Your task:
Copy out all of the data word for word. Omit every picture.

Source material:
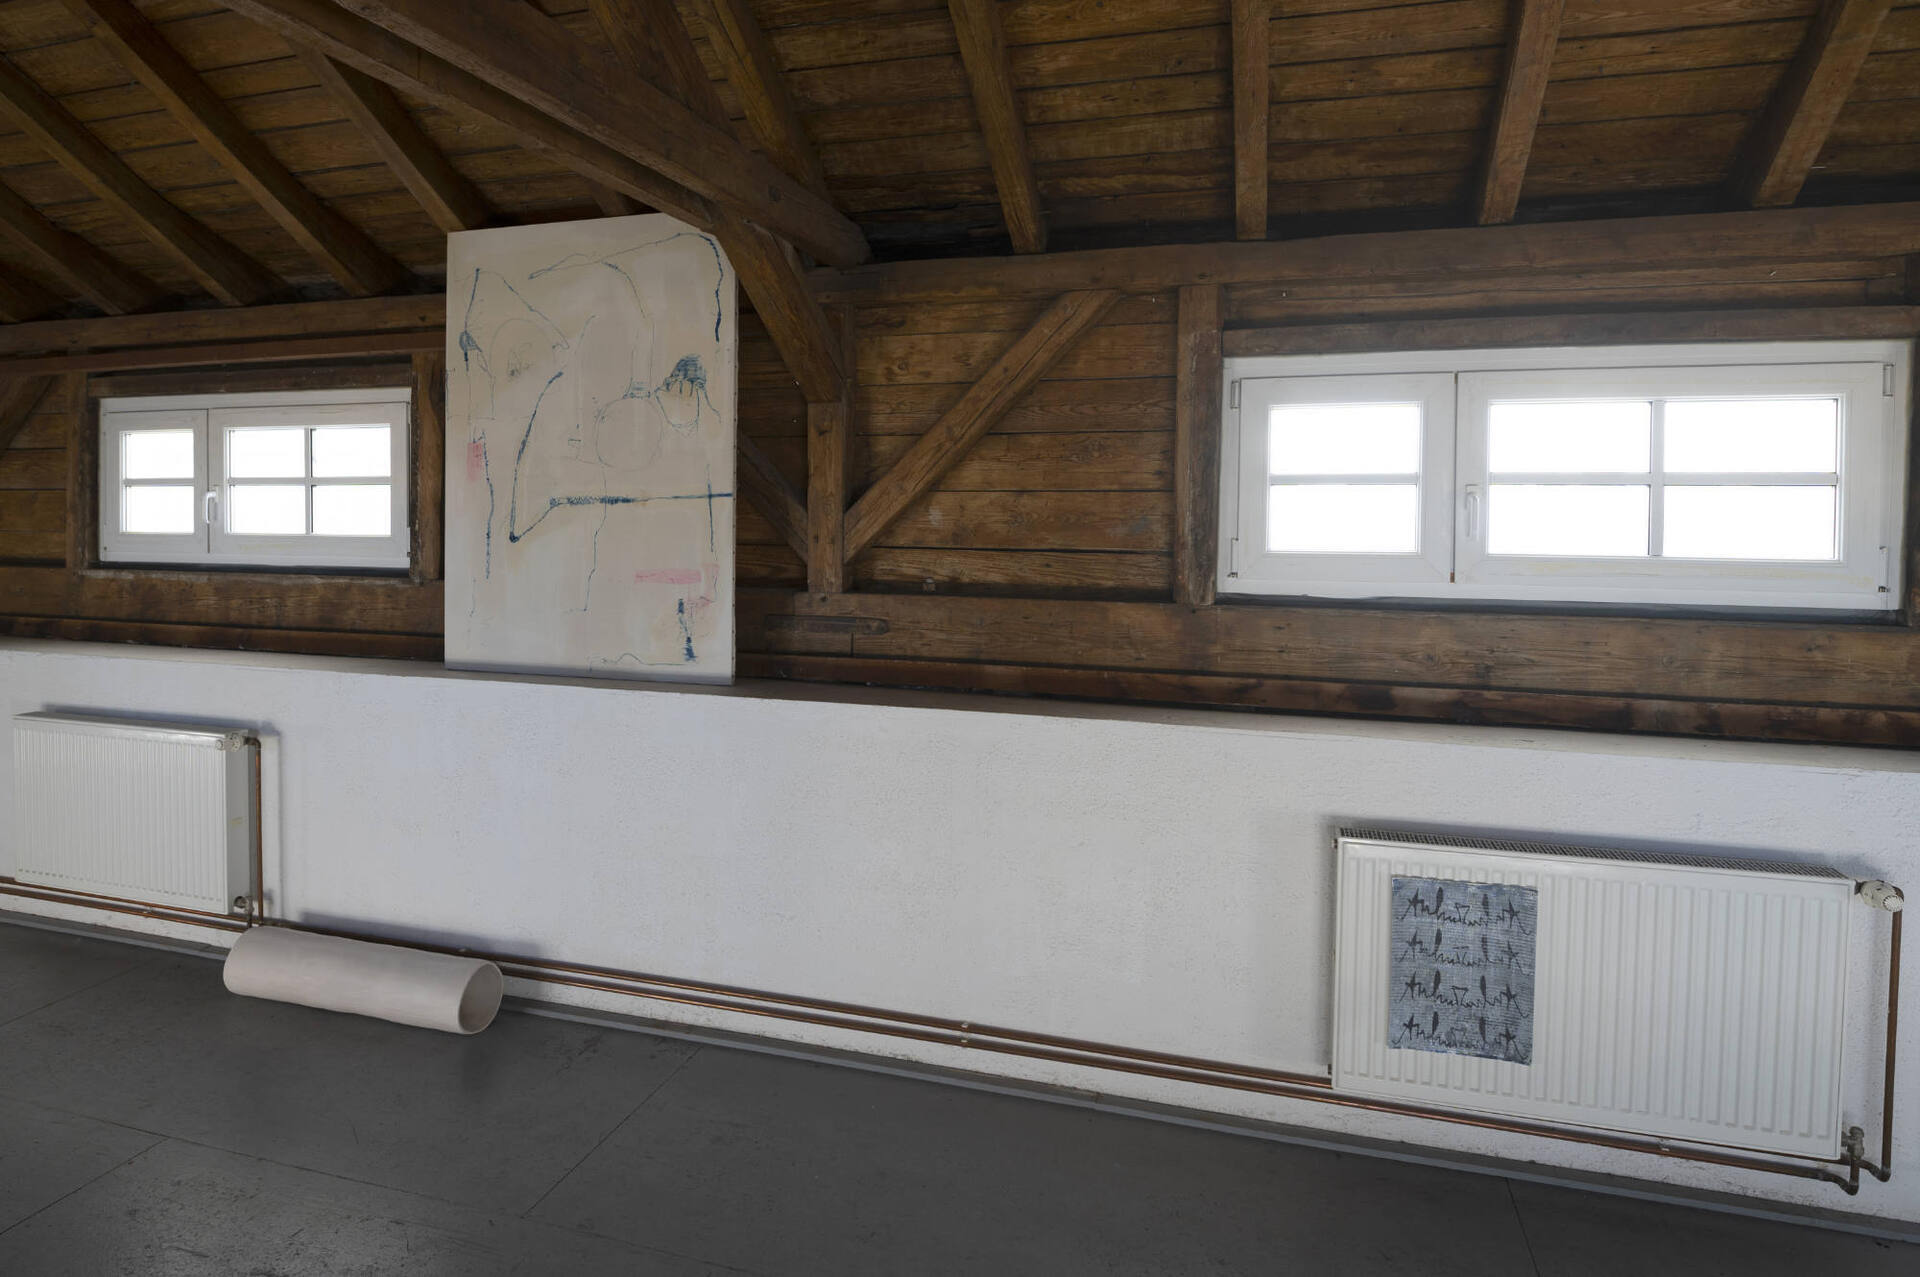 Exhibition View with works by Katerina Matsagkos, Philipp Naujoks, Arthur Löwen
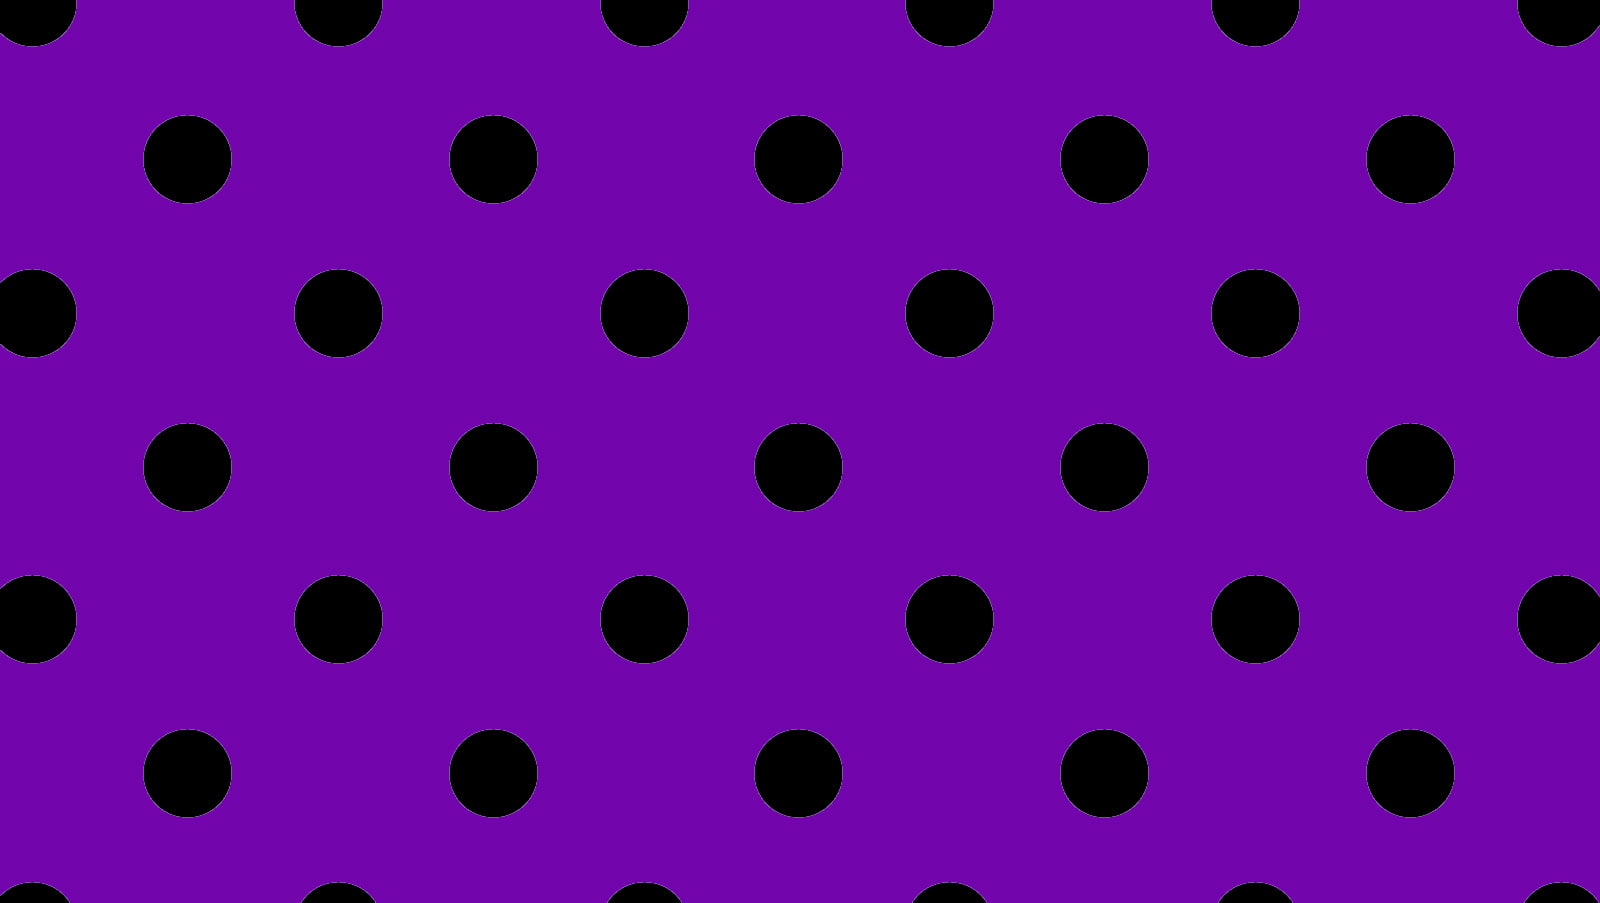 Art, Abstract, Polka Dot, Black Balls, Purple Background, purple and black polka dot surface
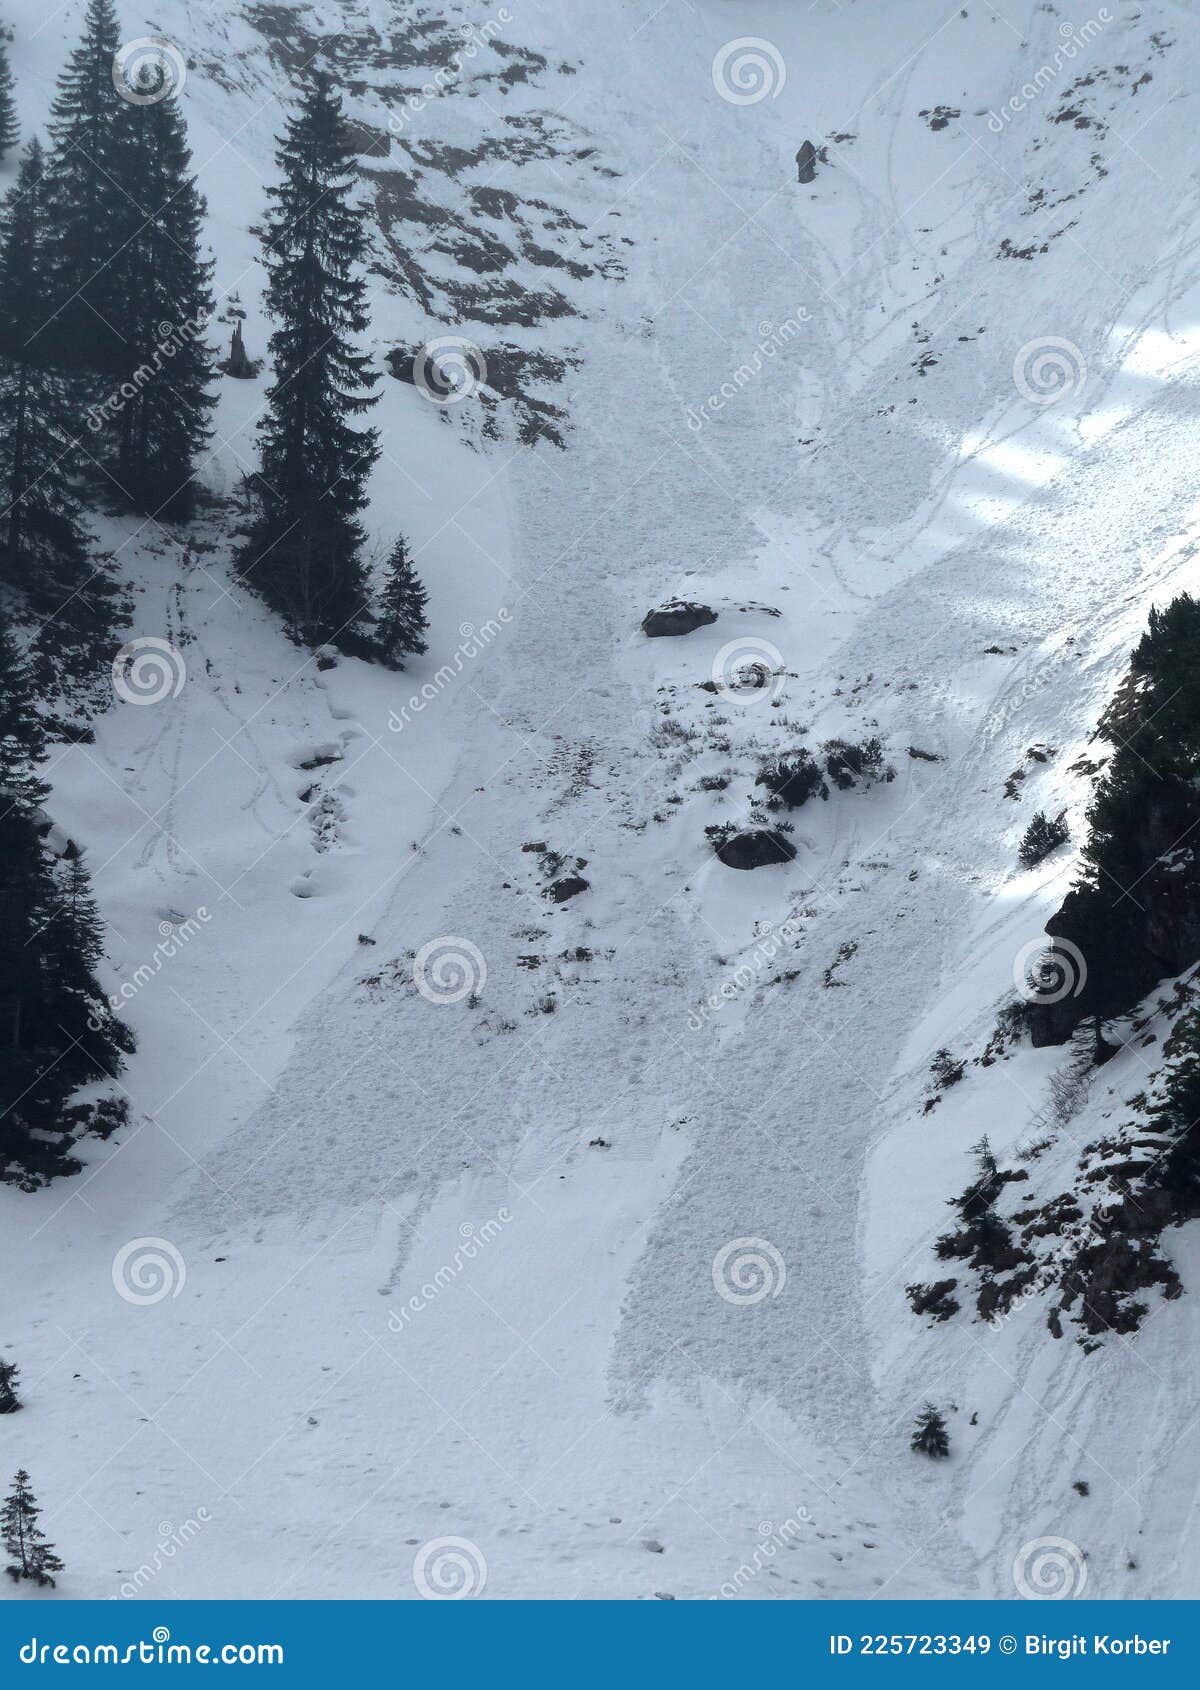 snow avalance in bavarian alps, germany, in wintertime

Output:
 Exhibition View with works by Katerina Matsagkos, Philipp Naujoks, Arthur Löwen
 Art, Abstract, Polka Dot, Black Balls, Purple Background, purple and black polka dot surface
 snow avalance in bavarian alps, germany, in wintertime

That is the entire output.